Le Strisce Pazzi e poeti
2011 - EMI
Le Strisce, dalla provincia di Napoli, un bel po’ di strada ne hanno fatta dalle prime canzoni suonate nei pub sotto il Vesuvio. Il contratto con la Emi, i concerti in giro per la penisola, la notorietà e poco più di un anno per riposarsi: subito un nuovo disco, “Pazzi e poeti”. Un album che ripercorre molto da vicino la strada del precedente lavoro: 11 pezzi pop spolverati di rock. Canzoni godibili ed estive, intervallate da ballate romantiche e orecchiabili.
L’apertura è di quelle potenti, con la canzone-manifesto Resistete, poi la melodia semplice e aggressiva di Il Silenzio e il messaggio semplice e importante di Lasciare tutto andare, fino alla ballata melensa in stile Lunapop (Alle dieci sotto da te). L’intervallo punk e arrabbiato in stile Green Day come Elefanti è ben bilanciato da Vieni a vivere a Napoli, canzone che Le Strisce hanno proposto al Festival di Sanremo – non riuscendo a prendere parte alla manifestazione: una toccante ballata che racconta una delle città più belle e tragicamente disastrate d’Italia. C’è un certo sarcasmo pungente nella rockeggiante Internet per tutti, che però sa un po’ troppo di qualunquismo. E se La ballata del sesto piano e C’è un solo modo scivolano via un po’ anonime, le canzoni che chiudono il disco – Londra e Canzone a caso – ci offrono maggiore potenza e equilibrio: la prima è un inno gioioso alla città inglese, una marcetta molto ben riuscita sia nei testi che nelle musiche, con una spruzzata di originalità nel ritornello scratchato, mentre la seconda è la ballata forse più bella del disco, tutta imperniata sulla voce emozionante di Davide Petrella; una sorta di canzone su come si scrivono le canzoni, bella e intensa, ottima in chiusura di disco.
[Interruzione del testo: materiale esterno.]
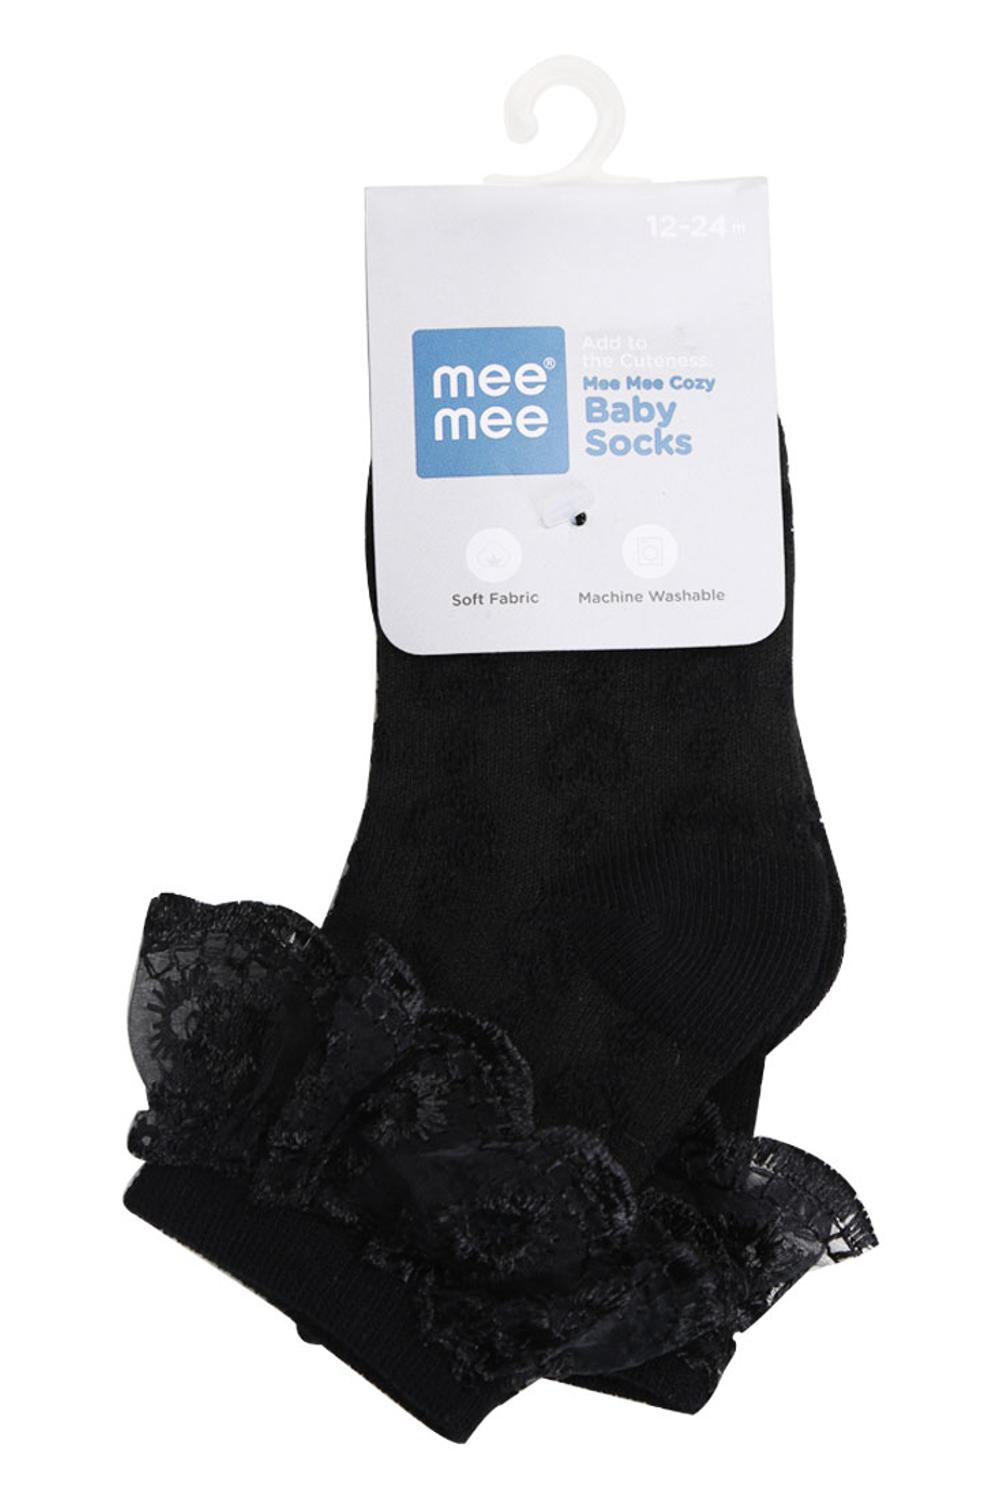 Mee Mee Stylish Cozy Baby Socks

Un disco generazionale, che prende e racchiude in forma canzone le ansie, le gioie e le paranoie dei 20-30enni. Pop-rock schietto e sincero, che non dimentica il valore dei testi. Suonato bene, con un occhio all’Inghilterra e l’altro in Italia, come già avveniva nel primo lavoro.
Una band che però convince di più quando vira verso il rock piuttosto che quando si adagia sulle ballate melodiche. Siamo un po’ indietro rispetto all’originalità esplosiva del disco d’esordio, ma non c’è dubbio che la seconda prova è sempre difficile, per qualsiasi gruppo. Un disco che delude - solo in parte, sia chiaro - le attese e conferma comunque Le Strisce come una delle voci più interessanti del pop-rock made in Italy, una band che di certo ha già uno stile proprio molto netto e riconoscibile; deve solo stare molto attenta a non tirare troppo la corda della formula collaudata, per non diventare la fotocopia sbiadita di se stessa.